Dr. Uta Hinz (Universität Düsseldorf) gibt in ihrem Vortrag einen Überblick über die Themen Kriegsgefangenschaft und Zwangsarbeit in Europa während des Ersten Weltkriegs. Einen besonderen Schwerpunkt legt sie dabei auf die Radikalisierungsprozesse, die im Verlauf des Kriegs nachzuweisen sind. Sie zeigt dabei auf, dass die Stellung von Kriegsgefangenen und ihre Behandlung durch die Kriegsgegner grundsätzlich verbindlichen rechtlichen Regelungen unterworfen waren, die sogar vereinzelt eine weitere Ausdifferenzierung während des Kriegs erfuhren. Bereits Ende 1914 / Anfang 1915 aber sei eine Erosion dieser Regeln und eine Radikalisierung in der Behandlung von Kriegsgefangen nachzuweisen. Ursächlich dafür wäre die von allen Beteiligten instrumentalisierte Feindpropaganda, insbesondere die Auswirkungen gegenseitiger Schuldzuweisungen. Mit zunehmender Kriegsdauer wirkte sich in Deutschland zudem die ökonomische Totalisierung des Krieges aus. Im Gegensatz zum Zweiten Weltkrieg sei aber die zunehmende Radikalisierung im Umgang nicht als linerarer Prozess zu betrachten, der sich unumkehrbar gesteigert hätte.
Ringvorlesung »1914/15 - Weltkrieg, Massentod, Völkermord - "Gewaltdynamiken" im Blick der Forschung«
Im Rahmen der Ringvorlesung werden ausgewiesene Experten systematisch Einzelaspekte der Gewaltgeschichte des Ersten Weltkrieges diskutieren.

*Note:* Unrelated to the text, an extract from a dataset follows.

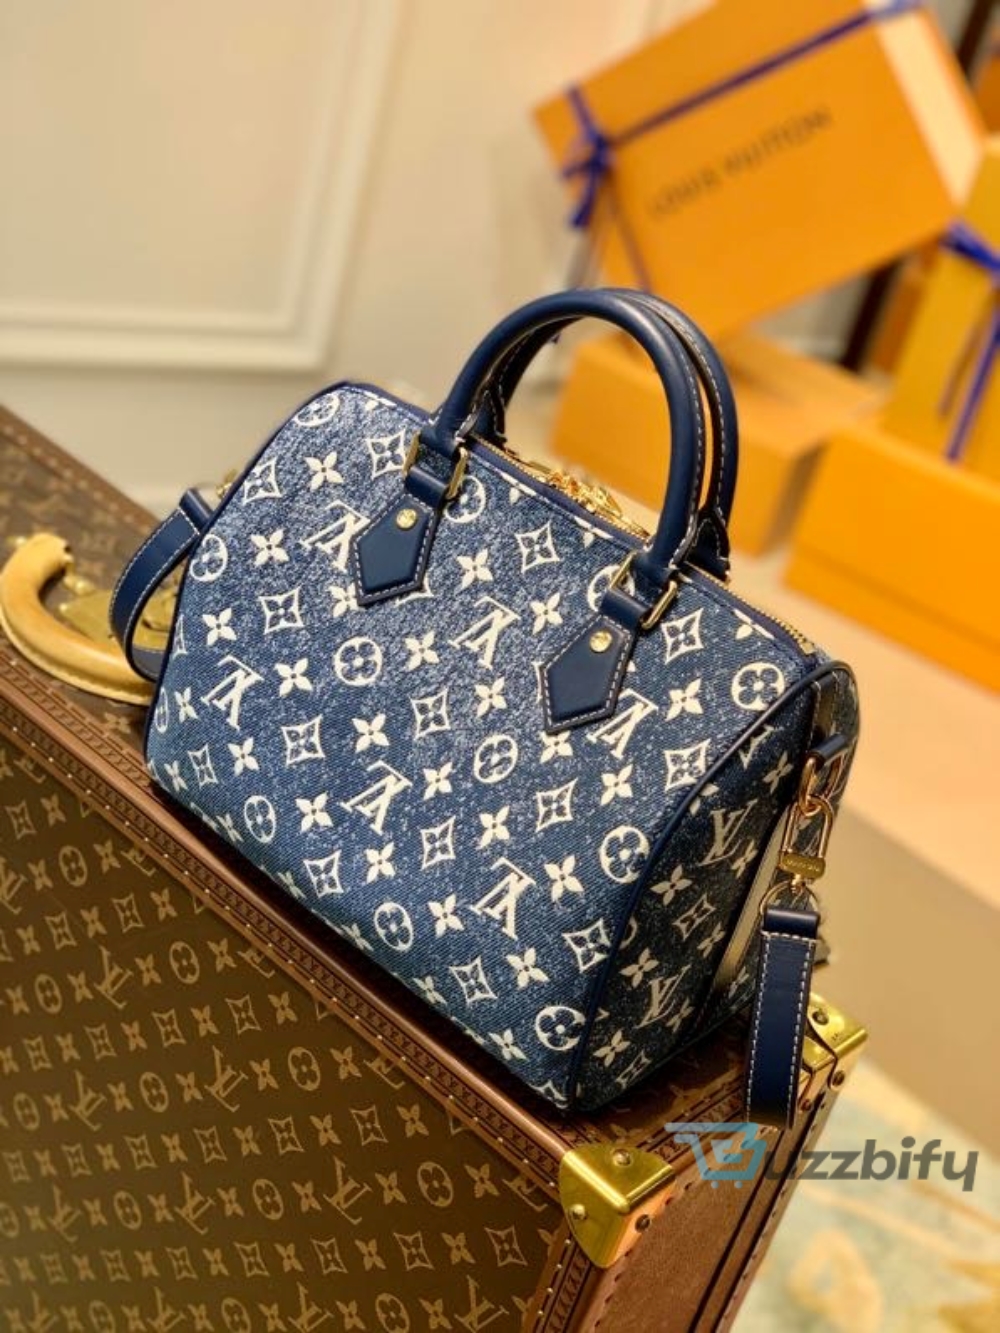 louis vuitton speedy bandouliere 25 monogram denim jacquard navy blue for women womens handbags 98in25cm lv m59609 2799 buzzbify 1 5

Dabei werden die einzelnen Vorträge insbesondere die neue Qualität von Gewaltpraktiken und Gewalterfahrungen im Ersten Weltkrieg in den Blick nehmen sowie die Veränderung von Räumen und Regionen thematisieren. Zudem sollen insbesondere jene „anderen Fronten“, die im Rahmen der aktuell sehr dichten Diskussionen über den Ersten Weltkrieg weniger Berücksichtigung finden, in das Zentrum gerückt werden: Der Krieg in den Kolonien, in der Mittelmeerregion und im Nahen Osten. Integriert werden zudem metatheoretische und forschungsgeschichtliche Betrachtungen zum Ersten Weltkrieg. Nicht zuletzt wird eine kritische Reflektion der Schwerpunkte der aktuellen wissenschaftlichen, öffentlichen und medialen Thematisierung des Kriegsausbruchs im Jahr 1914 sowie der neuen Diskussionen um „Kriegsschuld“ und „Verantwortung“ erfolgen.